TASK DATA
—————
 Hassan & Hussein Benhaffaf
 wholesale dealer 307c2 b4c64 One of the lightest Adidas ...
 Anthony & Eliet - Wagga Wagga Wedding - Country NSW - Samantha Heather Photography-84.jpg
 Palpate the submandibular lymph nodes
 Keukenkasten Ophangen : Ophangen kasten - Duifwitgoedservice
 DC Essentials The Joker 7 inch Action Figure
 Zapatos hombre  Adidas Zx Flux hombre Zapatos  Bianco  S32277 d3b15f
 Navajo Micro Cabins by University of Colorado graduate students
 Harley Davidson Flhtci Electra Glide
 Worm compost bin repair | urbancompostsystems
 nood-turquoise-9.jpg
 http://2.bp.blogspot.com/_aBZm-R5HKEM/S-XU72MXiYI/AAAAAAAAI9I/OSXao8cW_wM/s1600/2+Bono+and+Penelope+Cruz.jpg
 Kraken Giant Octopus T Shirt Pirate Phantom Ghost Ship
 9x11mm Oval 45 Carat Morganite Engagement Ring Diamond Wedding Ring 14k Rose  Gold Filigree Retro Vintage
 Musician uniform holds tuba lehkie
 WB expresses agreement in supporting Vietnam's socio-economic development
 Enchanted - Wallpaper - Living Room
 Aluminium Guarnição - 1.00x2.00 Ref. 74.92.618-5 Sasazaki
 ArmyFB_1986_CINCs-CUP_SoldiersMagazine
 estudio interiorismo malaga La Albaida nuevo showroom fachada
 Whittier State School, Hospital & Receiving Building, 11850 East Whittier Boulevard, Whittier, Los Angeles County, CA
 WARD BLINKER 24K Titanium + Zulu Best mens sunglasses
—————
WHAT TO PRODUCE
Without dropping a single line, output the records above exactly.

ANSWER TO THIS PROBLEM
 Hassan & Hussein Benhaffaf
 wholesale dealer 307c2 b4c64 One of the lightest Adidas ...
 Anthony & Eliet - Wagga Wagga Wedding - Country NSW - Samantha Heather Photography-84.jpg
 Palpate the submandibular lymph nodes
 Keukenkasten Ophangen : Ophangen kasten - Duifwitgoedservice
 DC Essentials The Joker 7 inch Action Figure
 Zapatos hombre  Adidas Zx Flux hombre Zapatos  Bianco  S32277 d3b15f
 Navajo Micro Cabins by University of Colorado graduate students
 Harley Davidson Flhtci Electra Glide
 Worm compost bin repair | urbancompostsystems
 nood-turquoise-9.jpg
 http://2.bp.blogspot.com/_aBZm-R5HKEM/S-XU72MXiYI/AAAAAAAAI9I/OSXao8cW_wM/s1600/2+Bono+and+Penelope+Cruz.jpg
 Kraken Giant Octopus T Shirt Pirate Phantom Ghost Ship
 9x11mm Oval 45 Carat Morganite Engagement Ring Diamond Wedding Ring 14k Rose  Gold Filigree Retro Vintage
 Musician uniform holds tuba lehkie
 WB expresses agreement in supporting Vietnam's socio-economic development
 Enchanted - Wallpaper - Living Room
 Aluminium Guarnição - 1.00x2.00 Ref. 74.92.618-5 Sasazaki
 ArmyFB_1986_CINCs-CUP_SoldiersMagazine
 estudio interiorismo malaga La Albaida nuevo showroom fachada
 Whittier State School, Hospital & Receiving Building, 11850 East Whittier Boulevard, Whittier, Los Angeles County, CA
 WARD BLINKER 24K Titanium + Zulu Best mens sunglasses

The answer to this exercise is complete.